Ryan could barely make out the metal wall created from pieced-together slabs of concrete and sections of metal.

“You can’t get over it,” LeMarck said. “It’s forty-feet tall. Barbed wire strands circle the top another six feet over that. Concrete was poured on top of the wall beneath the wire, and glass, nails and shards of metal were mixed into it. Even if you found rope and a grappling hook, and could throw it that high, the rope would be cut by the glass and shards on top of the wall. Not to mention the fact that you’d be perfect targets for the snipers along the outer perimeter.”

Staring back through the window, Ryan glimpsed two of the guards in the foreground, obviously walking predetermined areas.

“Whose guards?” Ryan asked.

LeMarck smiled, obviously pleased. “Thinking, are you? Good, I like that. Knew the survival instinct would kick in along the way.” He glanced out the window. “The guards are from all the barons’ camps, with overlapping fields of fire, on the pit fighters, as well as one another.” He shifted his attention back to Ryan. “In years past one of the barons had the idea of using a couple of his wall guards as snipers. They had silenced weapons, thought they wouldn’t be noticed. But they were. And they were shot. For every man they shot, one of that baron’s men was shot. The two that were left over didn’t last long.”

“You said there’d be ten of us,” Mildred stated.

LeMarck nodded. “And there will be.
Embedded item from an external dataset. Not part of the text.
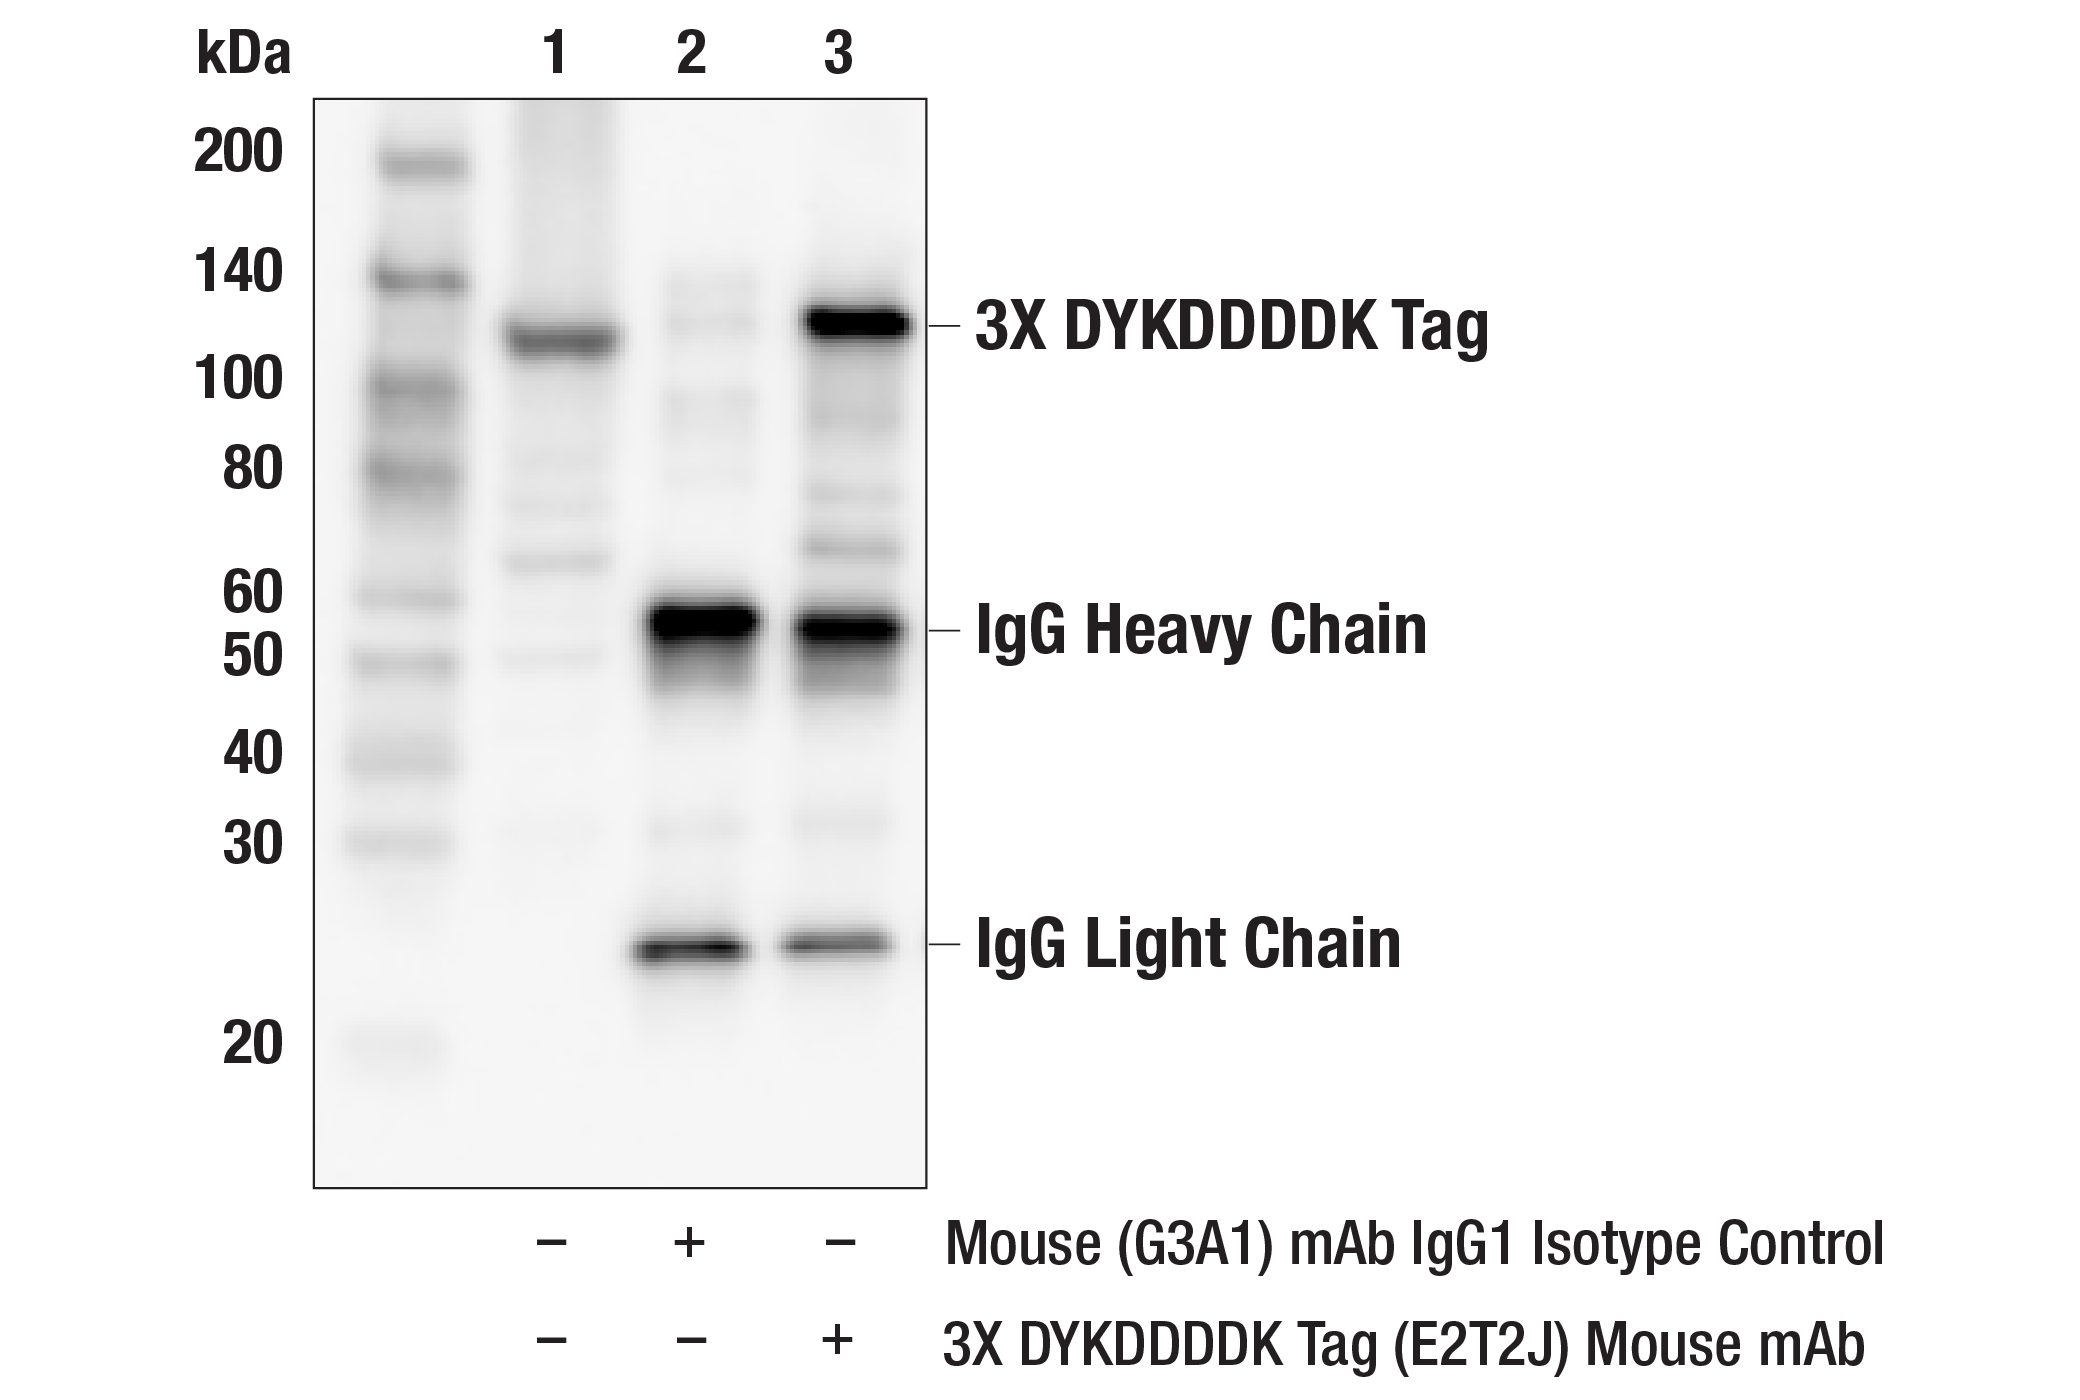 Immunoprecipitation Image 1: 3X DYKDDDDK Tag (E2T2J) Mouse mAb (Binds to same epitope as Sigma-Aldrich Anti-FLAG M2 antibody)

I wanted to talk to the three of you. You’re used to working as a unit. Got a lot of hard miles on you, from the look of you. Saw how you went through those brushwooders. The other seven aren’t going to be much help, I’m afraid. Unless you can convince them to listen to you.”

Ryan didn’t say anything.

“I figure it’d be a waste of time,” the sec commander said. “They’re going to be scared, not wanting to listen to anyone.”

“What’s in the pit,” J.B. asked, “besides the other teams?”

“Mutiesscabbies and stickies,” LeMarck answered. “Animals, some of them mutie and some of them not. Four-legged. Snakes. Got some water traps in there with poisonous eels, piranha, anything nasty that could live and kill in that environment.”

“If we win,” Ryan asked, “we’re going to be set free?”

LeMarck lied without hesitation, Ryan not seeing a flicker of guilt in the man’s eyes. “Yes.”

Chapter Thirty

“How much do you know about the Five Barons and the seven villes?” the sec commander asked. He checked his wrist chron.

“Man whose team wins this,” Ryan said, “gets control of the seven villes for a year.” He didn’t give a damn about any of the history of the Big Game. Hoyle and Bernsen had provided enough of it. Once he stepped out into that pit, it was chill or be chilled.

“What about Baron Sparning Hardcoe?”

“I was told he’s one of the more efficient chillers in the group,” Ryan replied. “Runs second to Baron Connrad in numbers of his private army.”

“There’s more to Baron Hardcoe than that,” LeMarck stated.

“Yeah,” J.B. said. “I can see how he’d give folks that impression, what with the way he invites some of them to play this game for him.”

The sec commander looked angry and defensive. “The baron is building docks and boats in the seven villes. Building up trade along the northern Cific coastline. People are moving into the villes now, instead of working to stay away from them. There’s work there, homes, mebbe a future if they all pull together.”